The procedure was applied to 480 target classes that consist of few or no inactive compounds which produce an active-inactive ratio smaller than 1:100. This process sampled approximately 11 million additional inactives for the required targets. For situations with targets with very high numbers of inactive compounds, undersampling was performed through the randomised removal of instances from the inactive class to accomplish the desired ratio. The complete data set of 206,559,765 ligand-target pairs from both the active and inactive classes is available for use as a benchmark data set (see Additional file 1).
RDKit  was used to generate hashed ECFP_4 circular Morgan fingerprints  with a 2048 bit length. ECFP fingerprints were selected as they have previously been shown to be successful when attempting to capture relevant molecular information for in silico bioactivity prediction [39, 64].
We have implemented a method for the extraction of inactive compounds from the PubChem repository. The application of a sphere exclusion algorithm enabled the oversampling of additional inactive compounds for targets with insufficient number of inactive compounds.
The realised target prediction protocol has been packaged and available for download at https://github.com/lhm30/PIDGIN.
The results from the internal and external validation of the tool show differing performance between the breadth of models. Recall and precision performance is influenced significantly on the underlying intraclass similarity and the number of compounds for a target. During internal validation, sphere exclusion models perform better in comparison to PubChem inactive classes, due to the dissimilarity requirement between the active compounds and SE inactive compounds.

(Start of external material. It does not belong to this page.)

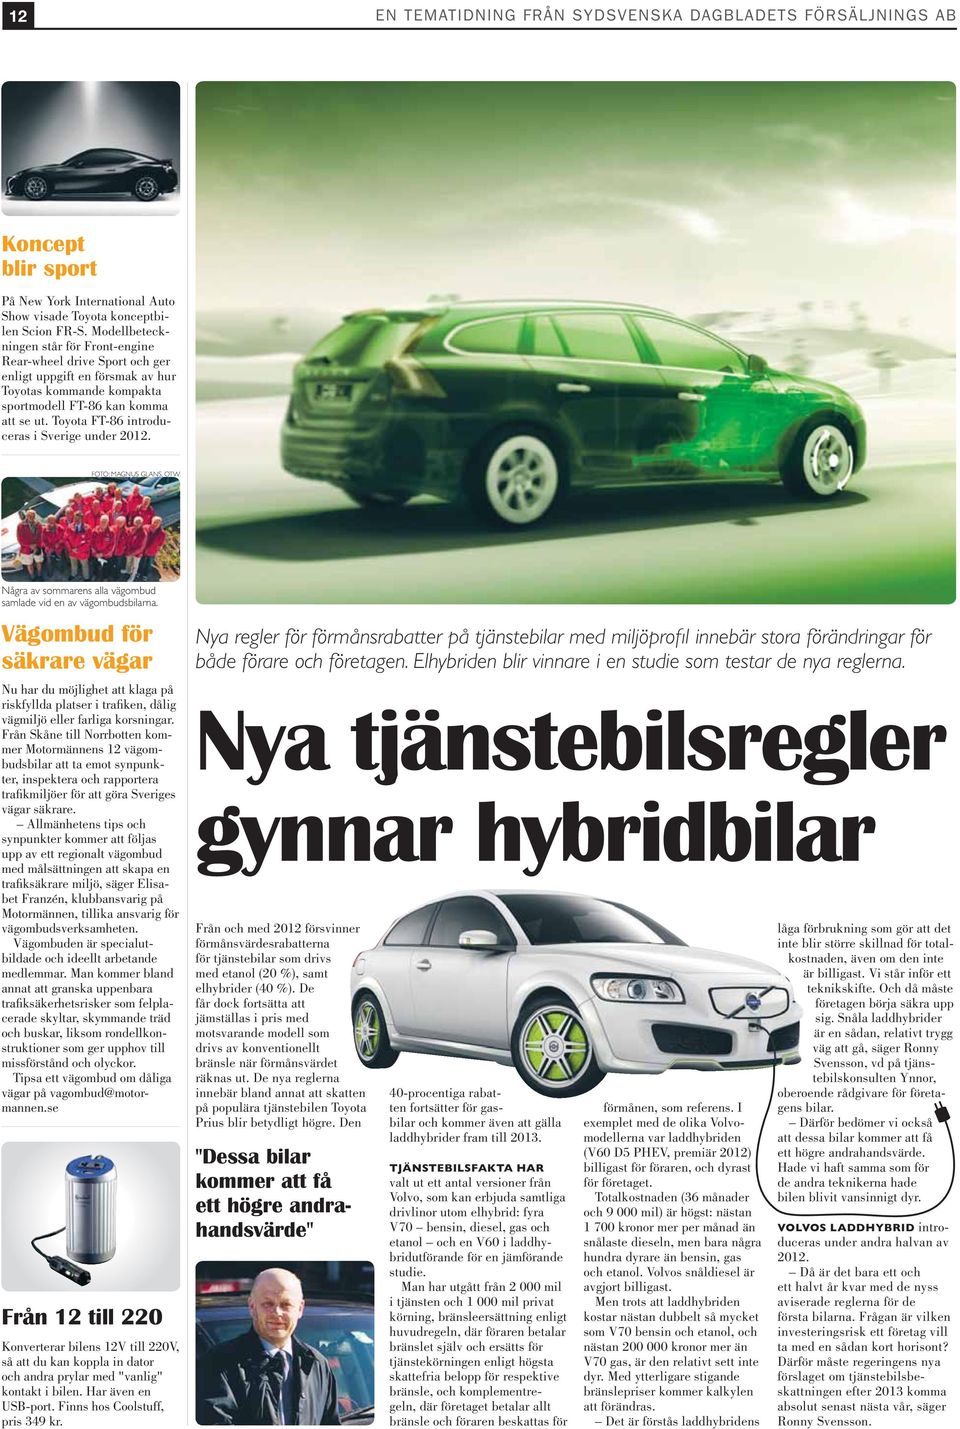 Toyota FT-86 introduceras i Sverige under 2012. FOTO: MAGNUS GLANS, OTW. Några av sommarens alla vägombud samlade vid en av vägombudsbilarna.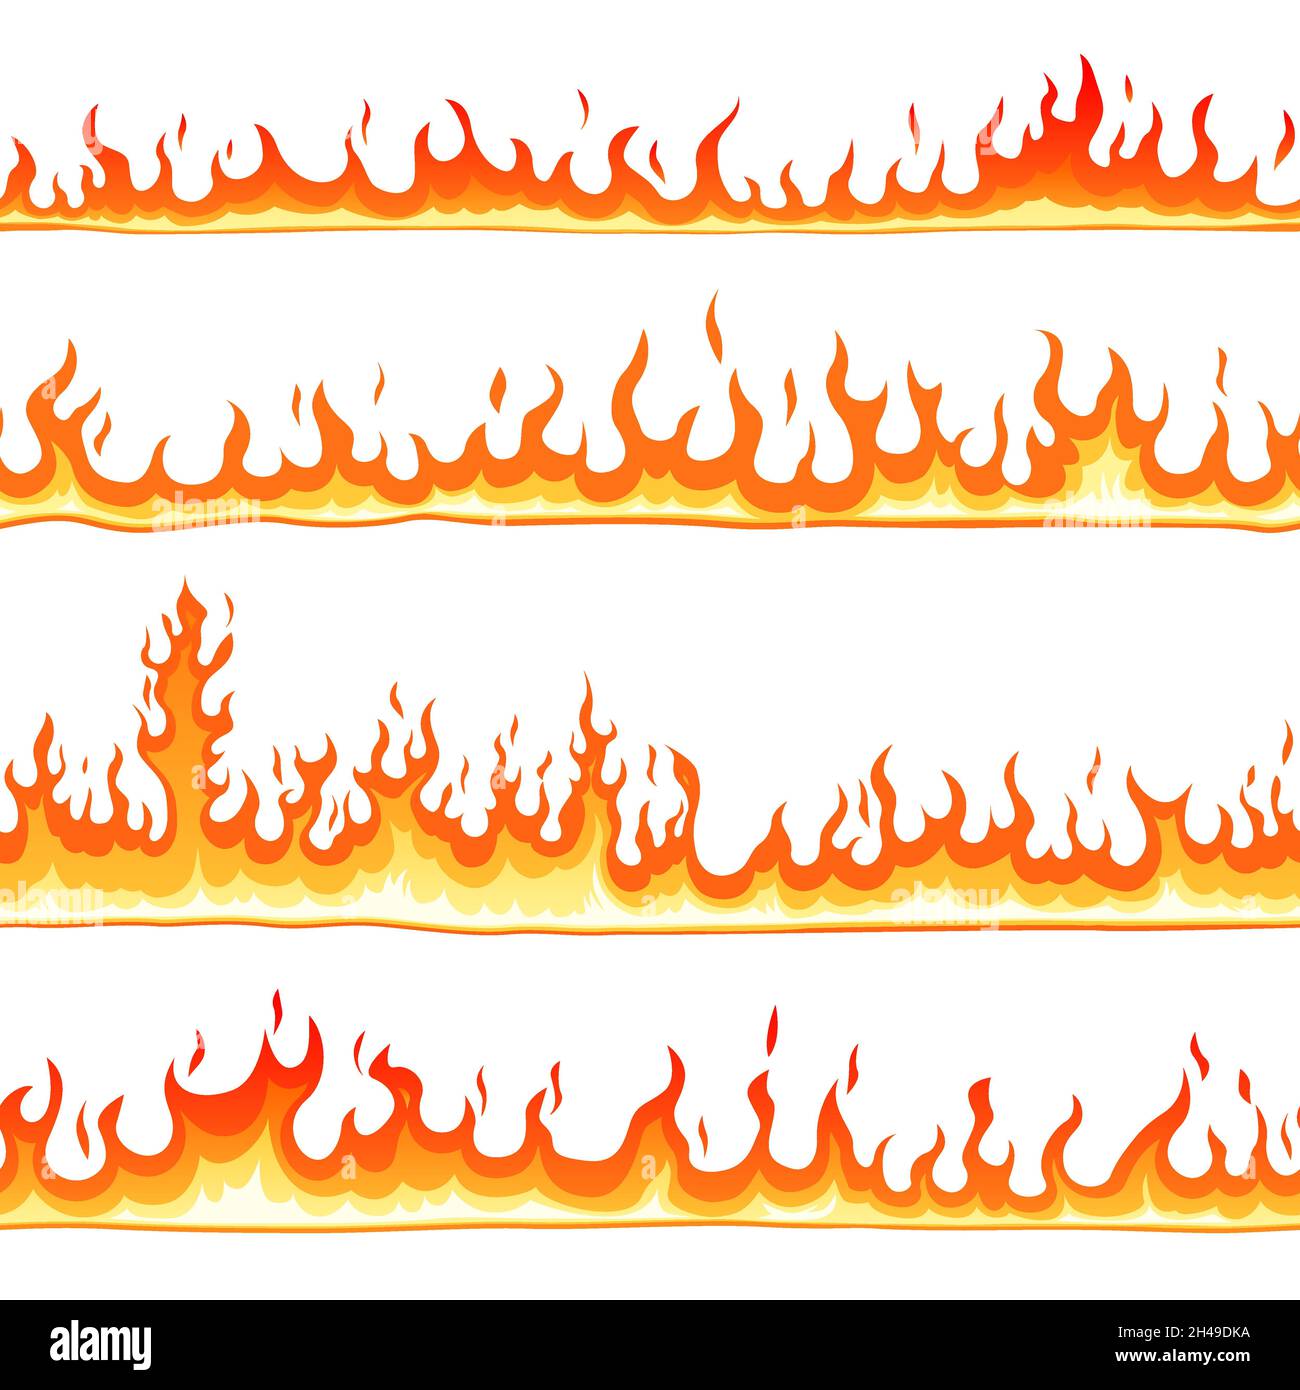 Feuer nahtloses Muster. Cartoon-Flammen, heiße Flammen Grenzen Linien. Höllenelemente, isoliertes Lagerfeuer oder Feuer. Flacher Comic flaming letzten Vektor Hintergrund Stock Vektor

The external performance of the models showed a considerable drop in precision, which may be exaggerated due to the absence of inactivity information held within the WOMBAT data set. Applications of target-specific thresholds exhibited a trade-off between recall and precision and indicate that different metrics for thresholds should be used for different applications of the target prediction tool. The precision threshold gleans the highest F-Score performance, producing a close balance between the precision and recall (0.5 and 0.48) for the classes. In comparison, the recall threshold can be applied to generate thresholds when predictions require high recall without the concern for the cost of sacrificing precision.
A distance-based analysis of the applicability domain (AD) for WOMBAT compounds showed that the reliability of the predictions from the models improved with the increasing similarity between the training and WOMBAT test set. The AD analysis indicated that an average Tc cut-off distance between test and train of 0.3 could be incorporated into the predictions of the classes in the future, to give insight into the degree of confidence for the probabilities generated by the model.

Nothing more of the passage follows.